Namaskar. Hope this letter finds you in fine spirits and health.

We, on behalf of Journalists’ Forum Assam (JFA), would like to inform you that two Assamese journalists remain untraced since their detention in Myanmar (also known as Brahmadesh) on December 3 last. Both the journalists had reportedly gone inside the country for interviewing Paresh Baruah, the self-styled military chief of banned United Liberation Front of Assam (ULFA).

The news broke on December 4, 2011, when the news agency Press Trust of India (PTI) reported about their detention somewhere in Myanmar-China border areas. The PTI  quoted R.K. Singh, Union home secretary for the information. While Singh denied the detention of Paresh Baruah who is at large after fleeing from Bangladesh, he informed that ‘ULFA leader Jivan Moran  and an Indian journalist were detained in Myanmar’

Later it was revealed that two journalists (namely Rajib Bhattacharya who works for a newly launched English daily Seven Sister’s Post from Guwahati and a photo-journalist Pradip Gogoi) were detained inside Myanmar.

The chief editor of the newspaper, Subir Bhaumik, who used to work for BBC as East India Correspondent till last year, said in a television interview that his colleague (Rajib Bhattacharya) went to Myanmar in the middle of October last. “It was his project and he was determined to take the assignment,” Subir Bhaumik said adding that he had no
contacts with Rajib Bhattacharya since then.

Rajib’s wife Rashmi Sharma, also a journalist, said in a television bite that she received an SMS weeks ago, where the journalist only said that he was fine and waiting for the interview.

Hiranya Bhattacharya, Rajib’s father and a former DGP of Assam, said in a television bite that he has no information about Rajib going inside Myanmar. “I only knew that Rajib went to Imphal (capital of Manipur) and later he was supposed to move to Aizawl (capital of Mizoram),” Hiranya Bhattacharya said.

The duo (Rajib Bhattacharya and Pradip Gogoi) were reportedly detained in the north-eastern part of Myanmar bordering China and later the Myanmarese authority released both of them after confiscating their laptop, camera and cell phones . Both the journalists were supposed to arrive in Tamu-Moreh (Myanmar-India border point) by the evening of  December 4.  Rajib’s wife in Guwahati was contacted by some officials in the Union Home Ministry and assured that Rajib was released by the Myanmarese authority and he will soon enter Indian side (by December 4 itself).

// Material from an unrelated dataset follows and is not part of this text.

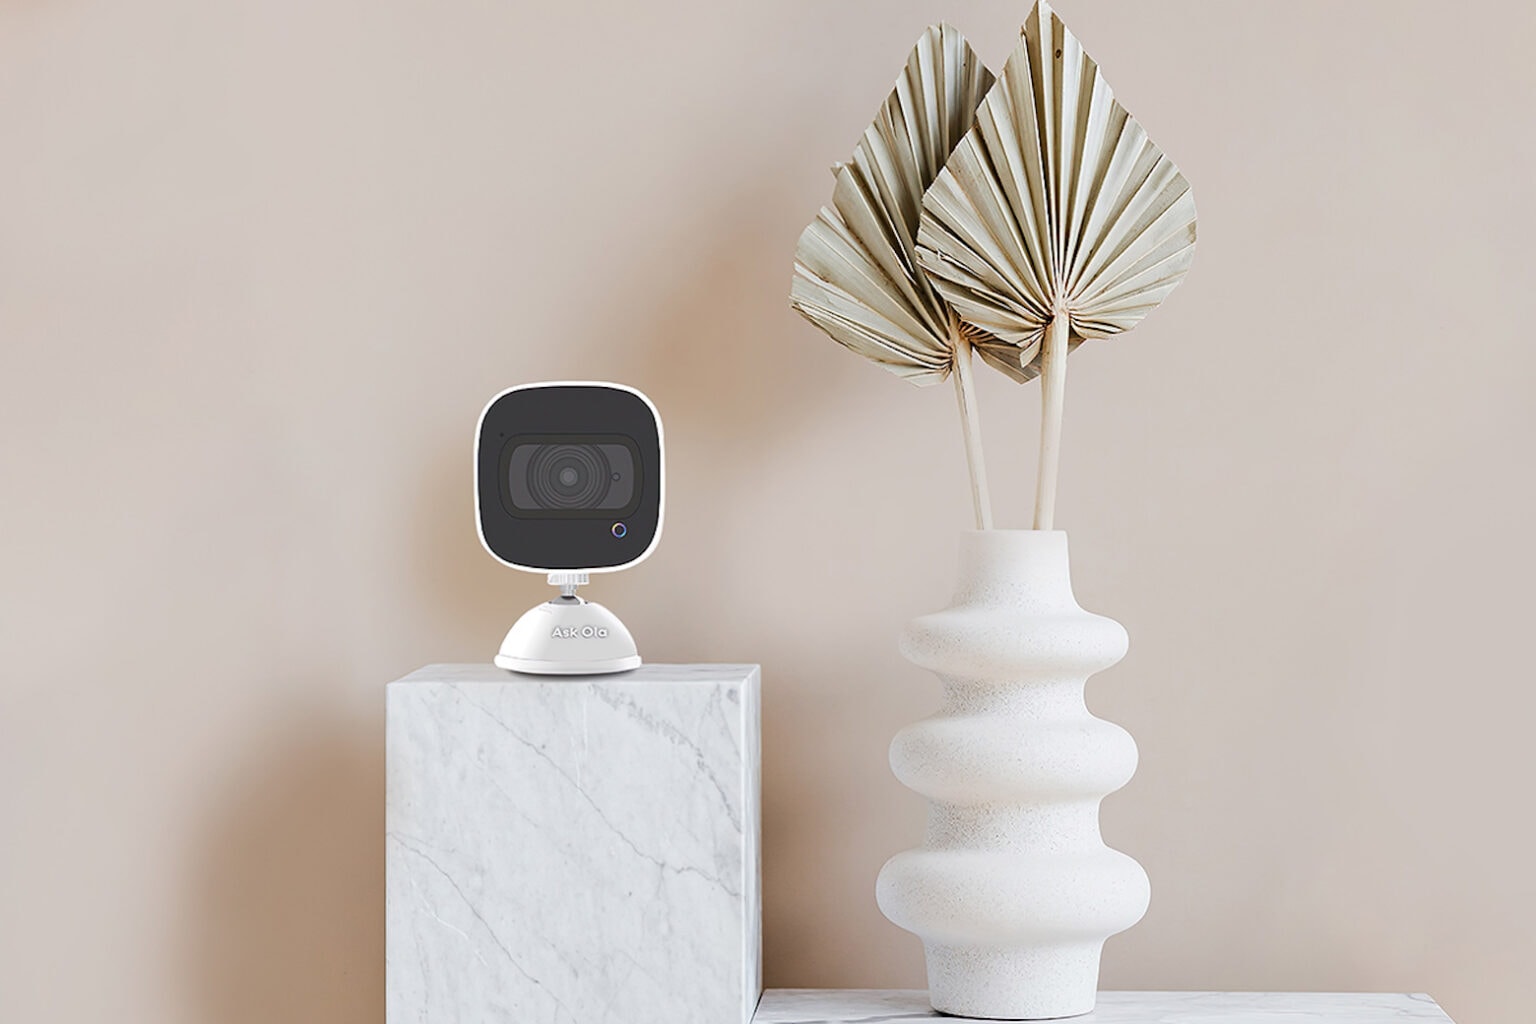 Score this smart security camera on sale now.

But till this moment, both the journalists have not returned to Assam. No information is available with the family about their whereabouts. The Guwahati based journalists contacted the India Embassy in Yangon where the office of the Ambassador denied having any information (about the detention of Indian journalists and subsequent release inside Myanmar).

We have not seen any statement about the incident from the Myanmarese government. Unfortunately the Assam government led by Tarun Gogoi and even the Union Home Ministry have not issued any statement about the incident till date.

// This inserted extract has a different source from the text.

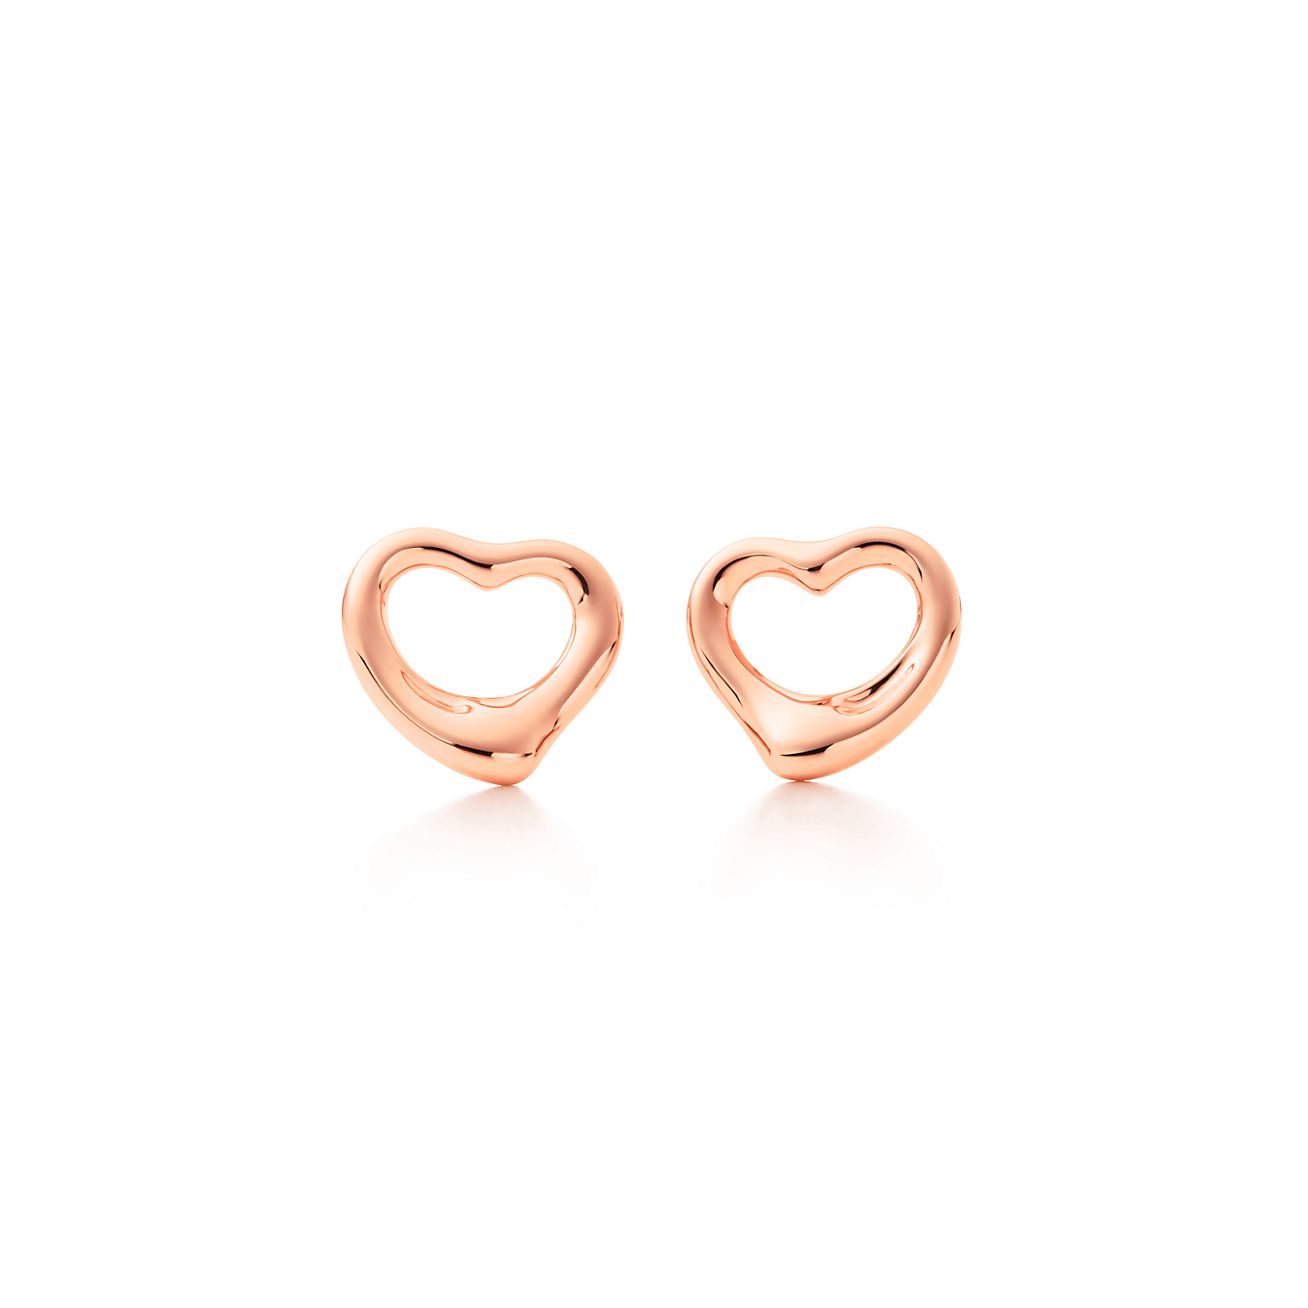 tiffany and co earrings rose gold

We are really worried about the confusing reports regarding the fate of the two journalists, who have neither come back, nor have been traced by any agency. So we would like to make a formal request to you for taking personal interest in this matter, so that journalists Rajib Bhattacharya and Pradip Gogoi are traced and their return to India is ensured at the earliest. The Myanmarese government may also be approached by the PMO for relevant information about the two journalists.

We would be grateful for your kind initiative.

With regards,

Rupam Baruah,
President, Journalists’ Forum Assam

For the record, Subir Bhaumik had claimed to have played a key role in securing the release of a policeman abducted by Naxals in West Bengal two years ago.